The Queen Bans Plastics Across Royal Estate in Response to Environmental Threats
“We are at a unique stage in our history. Never before had we had such an awareness of what we are doing to the planet and never before had we had the power to do something about it,” Blue Planet presenter Sir David Attenborough addressed his viewers in his closing message of the series. “Surely, we have a responsibility to care for our blue planet. The future of humanity and indeed all life on earth now depends on us,” he pleaded.
The closing remarks from the recently concluded series struck a chord with thousands of its viewers, who took to Twitter to express their support of the BBC program’s powerful message of taking action toward natural conservation. And one of Attenborough’s most influential fans is publicly taking a stance against excessive plastic use—a major issue that’s said to be endangering the environment and its wildlife.
Her Majesty Queen Elizabeth has reportedly banned plastic straws and plastic water bottles at all public and private dining spaces across her estate and is also ensuring that food packaging is biodegradable, the Express reports.
This new effort comes after the monarch met with Attenborough regarding her organization, the Queen’s Commonwealth Canopy. The QCC aims to protect forests located in Commonwealth countries by creating a series of conservation projects.
Over the next few months we will also be sharing stories about The Queen's #CommonwealthCanopy project.
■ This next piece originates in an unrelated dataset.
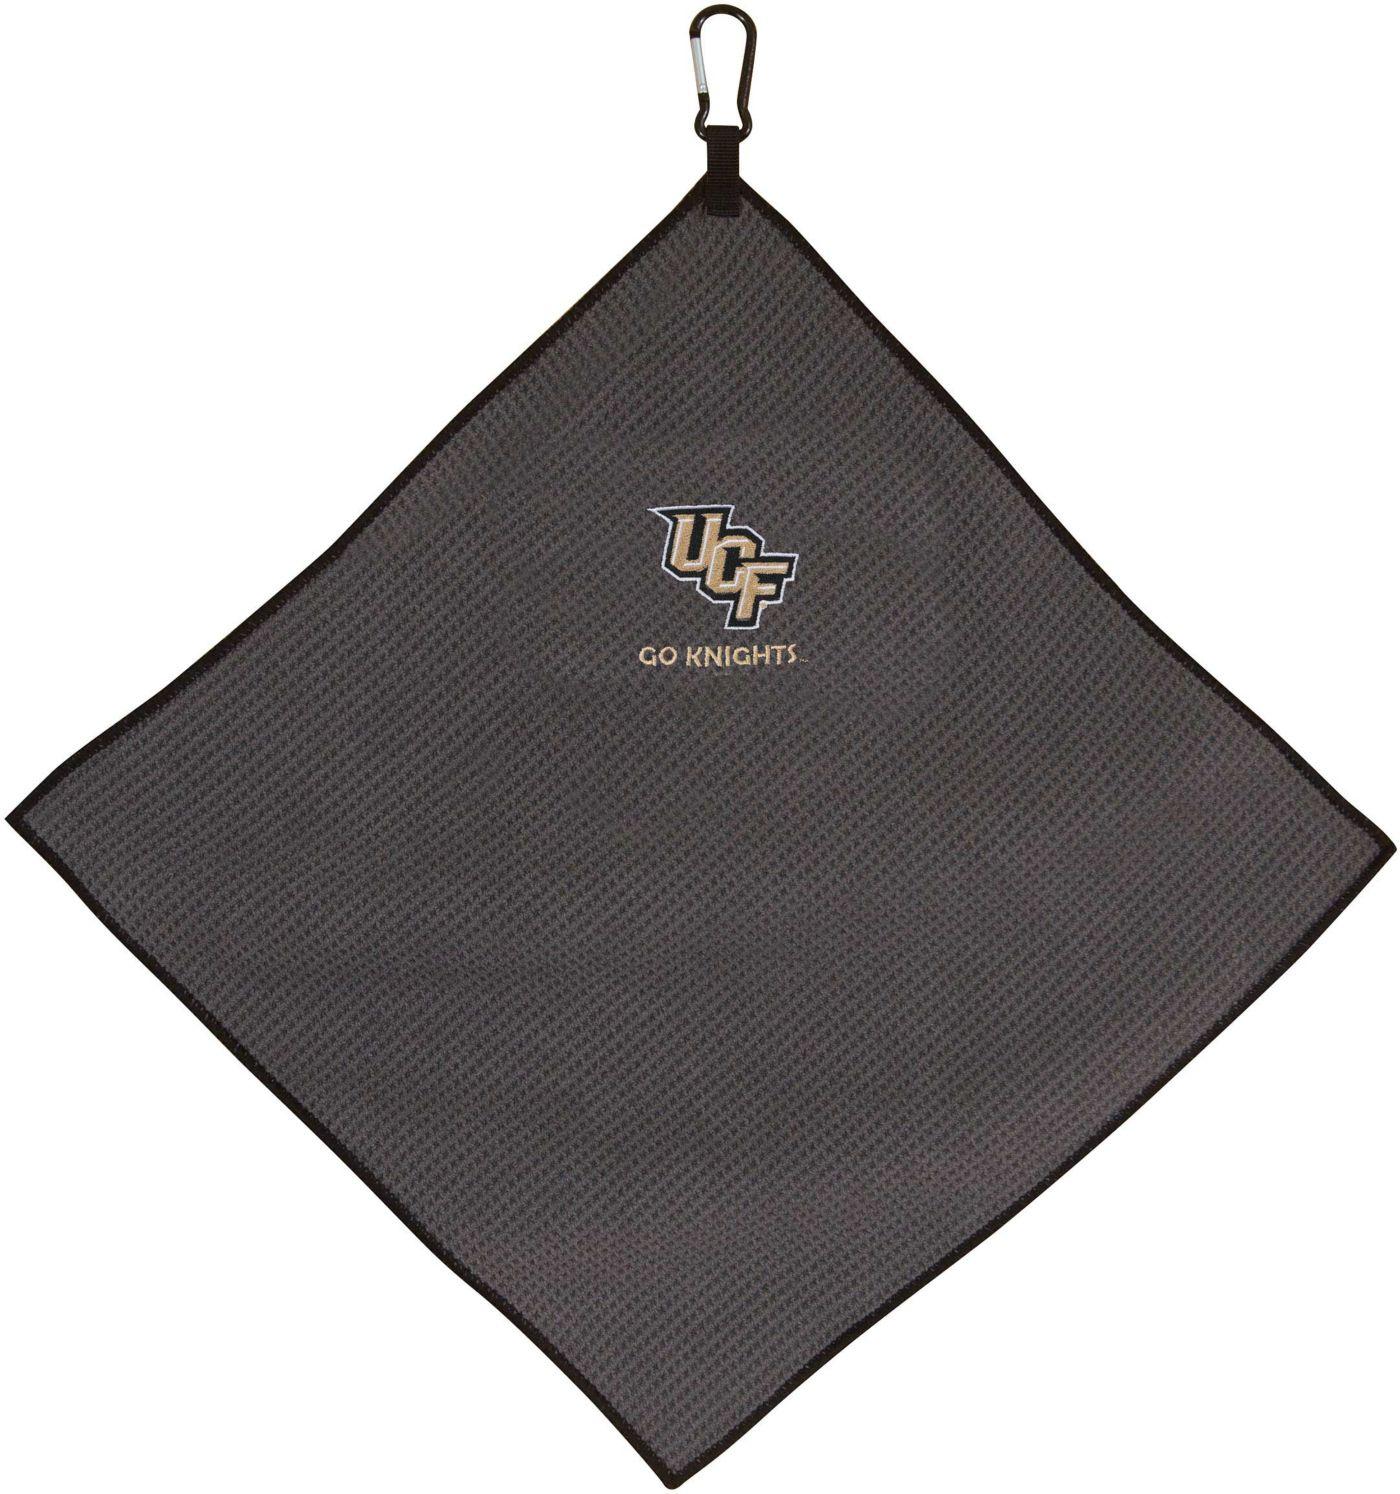 "Team Effort UCF Knights 15"" x 15"" Microfiber Golf Towel"

The @queenscanopy launched in 2015 to encourage countries around the Commonwealth to dedicate forestry projects in Her Majesty's name. pic.twitter.com/43oTOYqlff— The Royal Family (@RoyalFamily) February 1, 2018
The 91-year-old Attenborough responded to the Queen’s valiant action in a speech he gave during a QCC reception, saying, “We are fortunate that you are still thinking about the future and how to make this a better world.”
I thank Her Majesty the Queen for showing great leadership by putting her name to the Commonwealth Canopy Project.— David Attenborough (@SirDavidBBC) January 30, 2018
We are fortunate that you are still thinking about the future and how to make this a better world. pic.twitter.com/5xr9LG4Gbc
A spokesperson for Buckingham Palace said, “Across the organization, the Royal Household is committed to reducing its environmental impact.” Through the Independent, the source continued, “As part of that, we have taken a number of practical steps to cut back on the use of plastics. At all levels, there’s a strong desire to tackle this issue.”
The news website also reported that in-house caterers at Buckingham Palace, Windsor Castle, and the Palace of Holyroodhouse will have to use only china plates, glasses or recyclable paper cups.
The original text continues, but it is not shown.